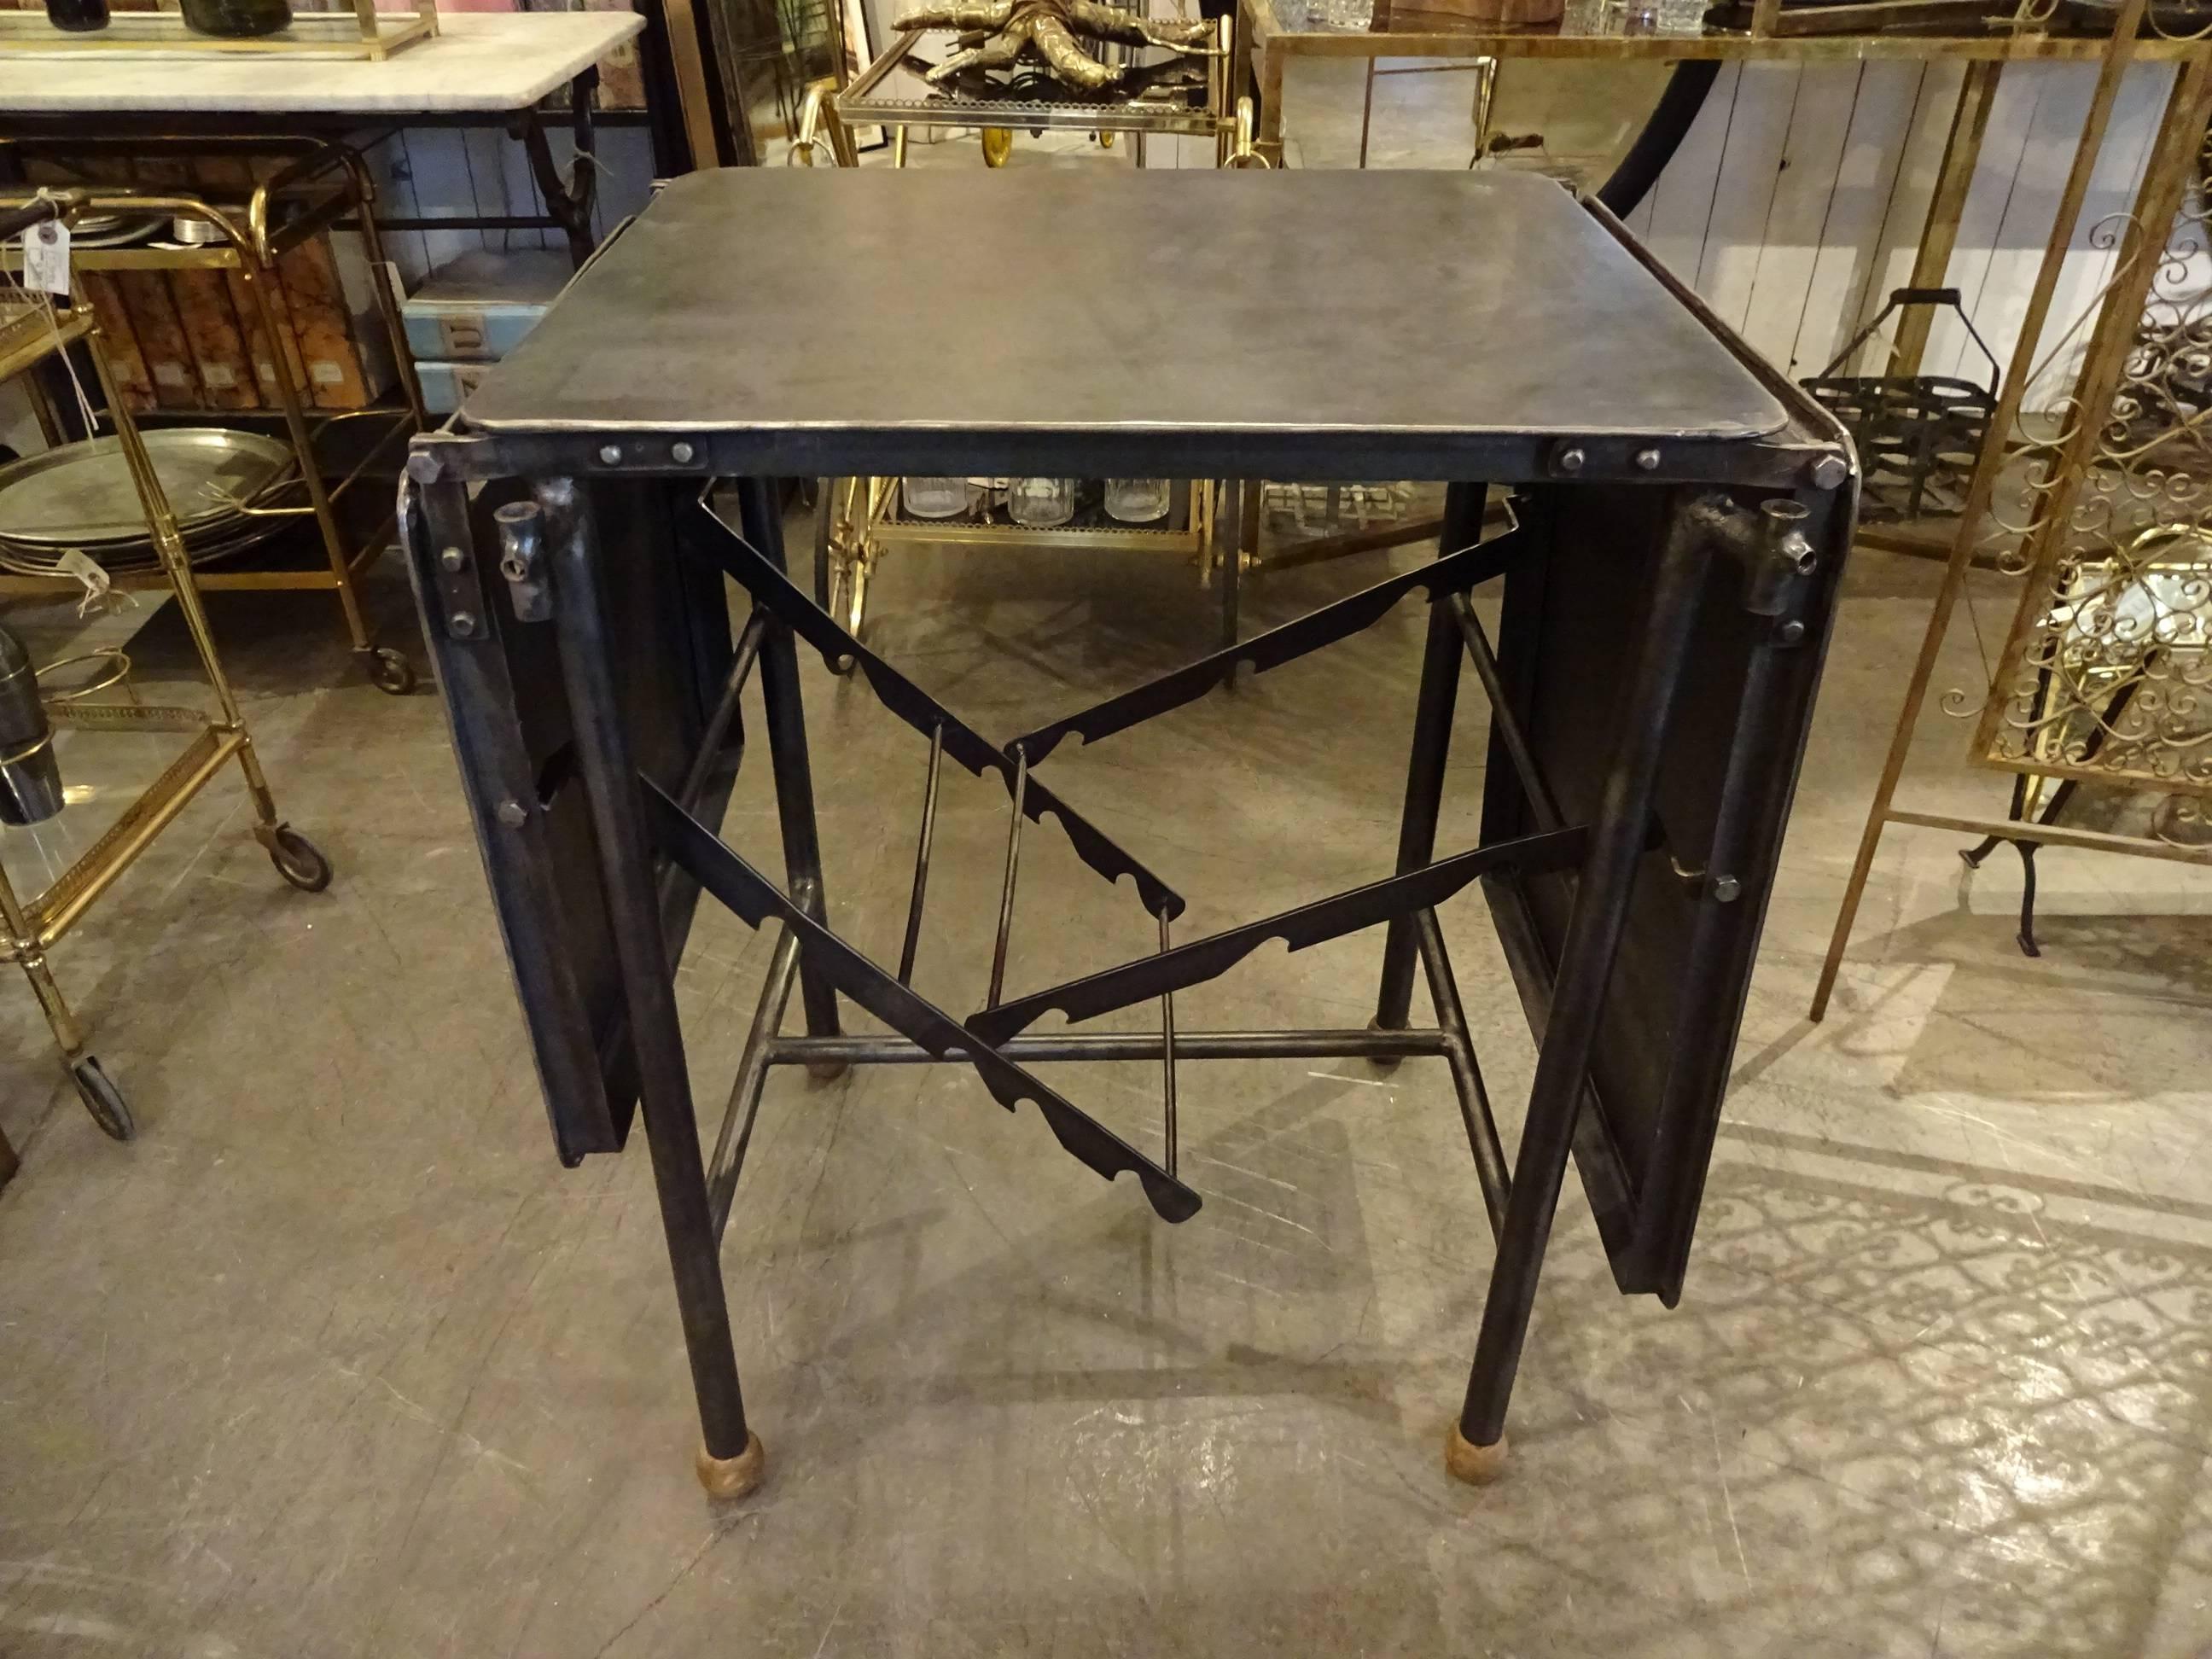 Old French Industrial metal table in a raw desiccated and polished metal surface. The table has one flap at each end, which can be folded down separately.

Measures: H 80 x L 168 x W 51 cm.
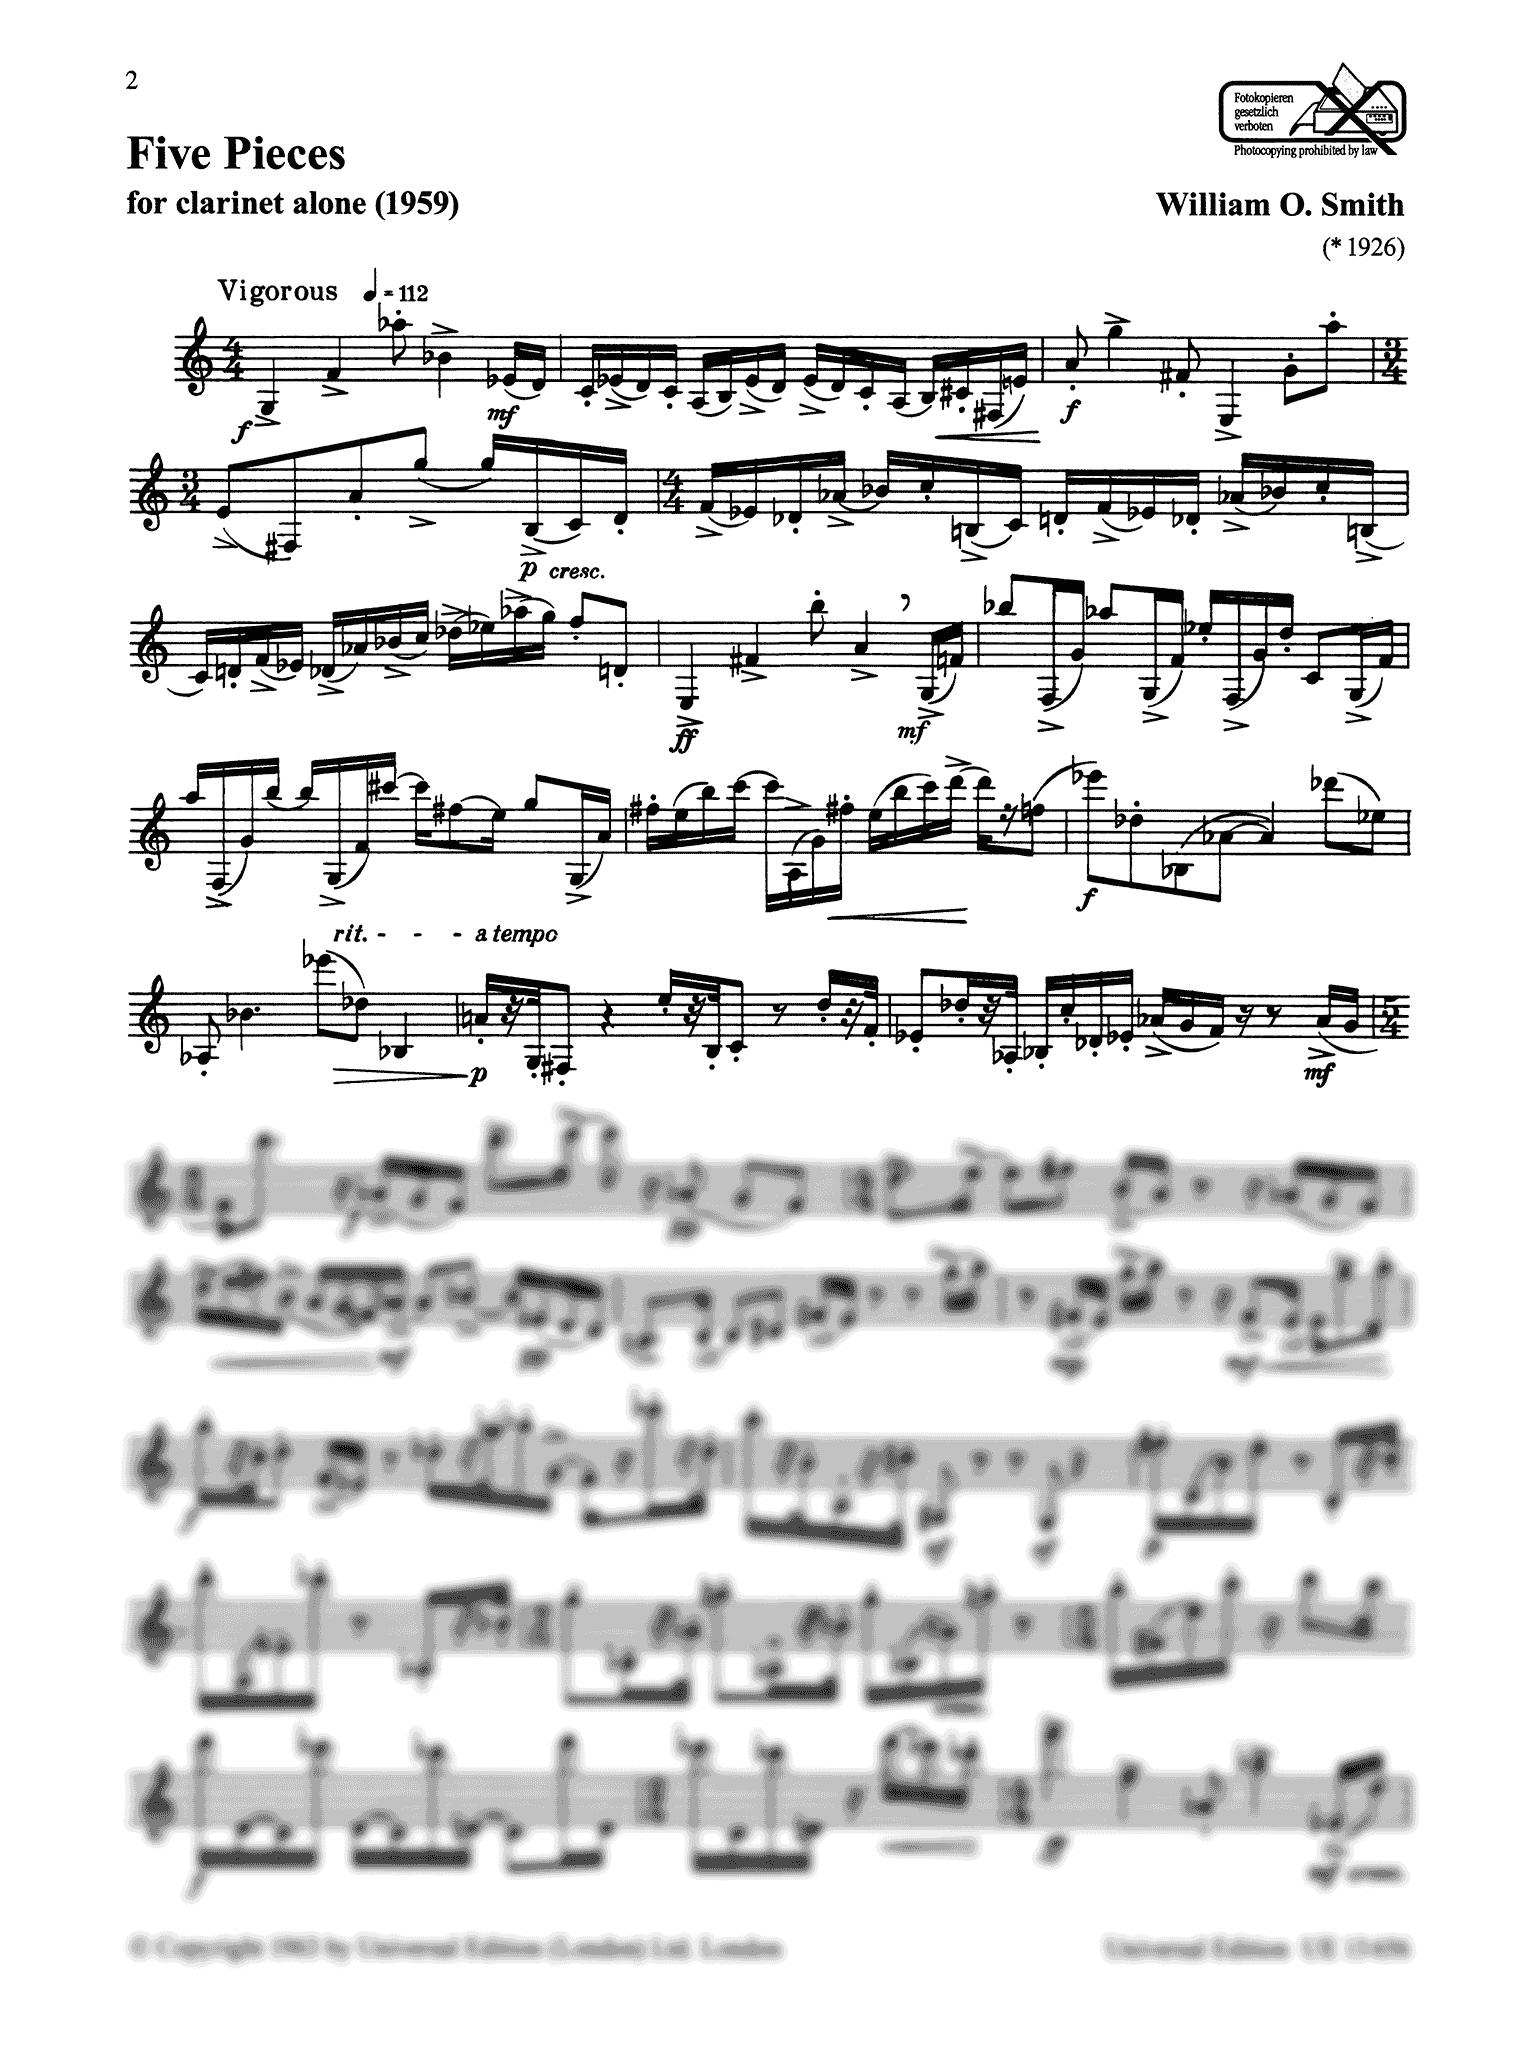 Five Pieces for clarinet alone - Movement 1

_ _ _ _

Activity.
Would you retype the listing above exactly, omitting its pictures?

Response.
 Old French Industrial metal table in a raw desiccated and polished metal surface. The table has one flap at each end, which can be folded down separately.

Measures: H 80 x L 168 x W 51 cm.
 Five Pieces for clarinet alone - Movement 1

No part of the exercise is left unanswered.